[Start of section]

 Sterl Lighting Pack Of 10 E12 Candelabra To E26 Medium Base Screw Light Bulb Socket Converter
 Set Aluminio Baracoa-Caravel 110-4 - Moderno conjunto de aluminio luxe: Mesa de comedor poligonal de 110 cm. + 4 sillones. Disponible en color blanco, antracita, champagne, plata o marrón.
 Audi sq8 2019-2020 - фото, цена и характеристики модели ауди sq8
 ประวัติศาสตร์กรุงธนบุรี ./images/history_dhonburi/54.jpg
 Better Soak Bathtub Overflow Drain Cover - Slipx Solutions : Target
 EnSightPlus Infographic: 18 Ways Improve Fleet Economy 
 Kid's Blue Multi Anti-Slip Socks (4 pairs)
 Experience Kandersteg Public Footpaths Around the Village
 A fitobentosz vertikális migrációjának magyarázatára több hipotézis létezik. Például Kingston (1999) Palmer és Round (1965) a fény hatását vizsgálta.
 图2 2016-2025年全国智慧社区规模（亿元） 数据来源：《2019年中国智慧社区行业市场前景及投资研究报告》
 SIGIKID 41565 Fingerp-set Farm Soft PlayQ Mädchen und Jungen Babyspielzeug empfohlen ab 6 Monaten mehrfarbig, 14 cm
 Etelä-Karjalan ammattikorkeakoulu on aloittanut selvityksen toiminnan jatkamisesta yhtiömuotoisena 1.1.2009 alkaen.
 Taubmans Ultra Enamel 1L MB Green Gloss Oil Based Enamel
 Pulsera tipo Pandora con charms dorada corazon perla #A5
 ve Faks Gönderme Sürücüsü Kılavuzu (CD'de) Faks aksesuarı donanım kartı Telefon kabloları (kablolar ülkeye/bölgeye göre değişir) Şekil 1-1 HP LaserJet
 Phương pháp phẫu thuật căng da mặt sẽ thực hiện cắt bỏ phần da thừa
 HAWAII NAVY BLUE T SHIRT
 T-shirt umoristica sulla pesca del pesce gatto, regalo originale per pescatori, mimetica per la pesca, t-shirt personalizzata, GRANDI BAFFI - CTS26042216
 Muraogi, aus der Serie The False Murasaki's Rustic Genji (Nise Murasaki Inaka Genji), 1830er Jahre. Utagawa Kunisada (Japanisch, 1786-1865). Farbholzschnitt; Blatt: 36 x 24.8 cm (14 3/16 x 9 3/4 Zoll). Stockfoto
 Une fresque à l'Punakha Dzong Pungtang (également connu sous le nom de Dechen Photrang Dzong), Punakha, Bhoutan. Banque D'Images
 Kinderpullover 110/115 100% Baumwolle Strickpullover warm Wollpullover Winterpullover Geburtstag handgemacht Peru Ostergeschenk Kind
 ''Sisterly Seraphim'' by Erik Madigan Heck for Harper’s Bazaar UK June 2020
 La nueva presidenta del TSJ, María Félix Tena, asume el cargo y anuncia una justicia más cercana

[End of section]

WHAT YOU SHOULD DO: When copying the data above, please keep exactly the lines from its first line through the line with "Experience Kandersteg Public", both ends included, and drop the rest.

SOLVED EXERCISE:
 Sterl Lighting Pack Of 10 E12 Candelabra To E26 Medium Base Screw Light Bulb Socket Converter
 Set Aluminio Baracoa-Caravel 110-4 - Moderno conjunto de aluminio luxe: Mesa de comedor poligonal de 110 cm. + 4 sillones. Disponible en color blanco, antracita, champagne, plata o marrón.
 Audi sq8 2019-2020 - фото, цена и характеристики модели ауди sq8
 ประวัติศาสตร์กรุงธนบุรี ./images/history_dhonburi/54.jpg
 Better Soak Bathtub Overflow Drain Cover - Slipx Solutions : Target
 EnSightPlus Infographic: 18 Ways Improve Fleet Economy 
 Kid's Blue Multi Anti-Slip Socks (4 pairs)
 Experience Kandersteg Public Footpaths Around the Village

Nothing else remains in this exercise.